A win for Australia would be icing on the cake from an administrative perspective. This final has become more than just a game of cricket; it has the potential to be a defining moment for women’s sport.
Earlier this year, US football star Megan Rapinoe made headlines when she spoke about wanting women’s sport to be consistently marketed to adult fans, rather than relying on the ‘role model’ narrative and always targeting young girls.
“You never see LeBron James purely positioned as inspiring young boys,” said Rapinoe. “No shit he’s inspiring young boys. He’s fucking LeBron James … so why are we limiting ourselves that way?”
No doubt there will be young girls among the thousands at the MCG on Sunday. The next generation of Meg Lannings, Megan Schutts and Beth Mooneys will be watching, believing that they can one day play in front of a packed MCG, too. The importance of that visibility can’t be overstated.

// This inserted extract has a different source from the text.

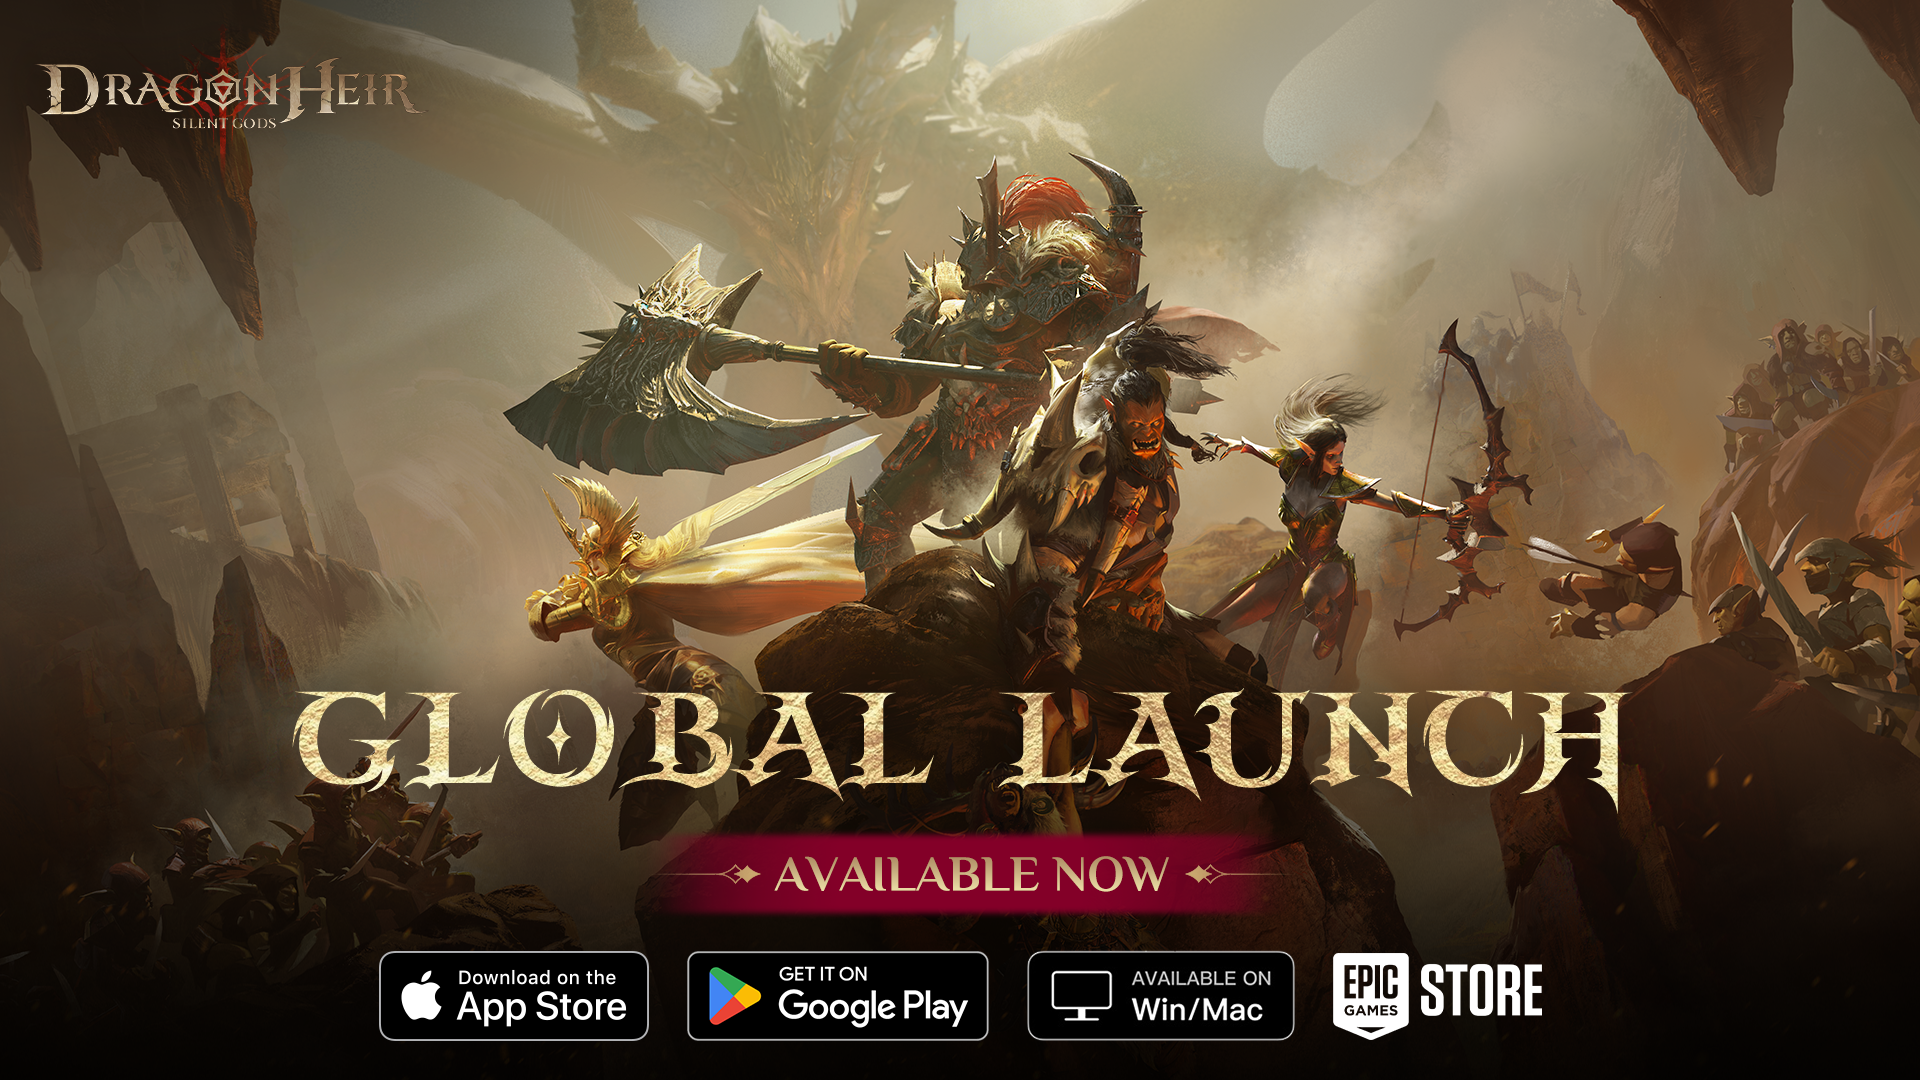 Against All Odds  Download and Buy Today - Epic Games Store

But what we have witnessed with this Australia women’s team over the past five years has been even bigger than that. The momentum around the team has grown and crowds and television audiences have expanded alongside it.
It happened slowly enough that it almost wasn’t noticeable. A reference to ‘batters’ instead of ‘batsmen’ here. An understanding that ‘Healy’ means Alyssa and not Ian there. And before we knew it, people were standing around office kitchens having long conversations about Ellyse Perry’s hamstring and furious debates about whether she should be replaced by an all-rounder or a specialist bowler.
The conversation has shifted and the media coverage along with it. Whereas once there was a semi-regular stream of opinion columns from earnest men deploring the lack of coverage of women’s sport before getting back to their regular routine of writing about men’s sport, now there are match reports and analysis pieces about every game. The day after the semi-final, the winning moments were plastered all over the front and back pages of major newspapers across the country. Women’s cricket is being covered and spoken about the way that followers of the sport have always wanted – as if it was just cricket.
It’s likely even the tournament organisers didn’t envisage this shift when they first announced their goal. The inclusion of Katy Perry playing an exclusive Australian show at the final demonstrated a bid to go after the young girl audience. But a press release that included a tongue-in-cheek assurance that the singer is ‘no relation to Ellyse’ signified that this tactic was little more than an insurance policy; the work continued behind the scenes to ensure that cricket was the centrepiece of this event.
This is not the end point of this journey. It is a milestone and it should be celebrated. But there is more to tackle before equality can be declared. When news outlets can have comments open on articles about women’s sport without fear of abuse. When sporting organisations stop talking about the value of playing purely for the love of the game. These are just some of the scenarios that need to change before we can truly say that women in sport – both and off the field – are on equal footing with their male counterparts.
While a world-record crowd at the MCG, if it transpires, doesn’t change everything, it is a symbol of the change that Australia can expect if we continue along this trajectory. If sporting organisations continue to set ambitious goals around women’s sport and work hard to achieve them, this will become the new normal. In time the goals won’t seem as ambitious and the work will get easier. Yes, it will inspire young girls. But it will also create communities, remove barriers and make sport more inclusive.
While all eyes will be on the Australia women this Sunday, they’re just walking out to play a game of cricket, like they have done hundreds of times before. It’s those in the crowd, watching on television and talking about it in the lunch rooms who will make it so much more than that.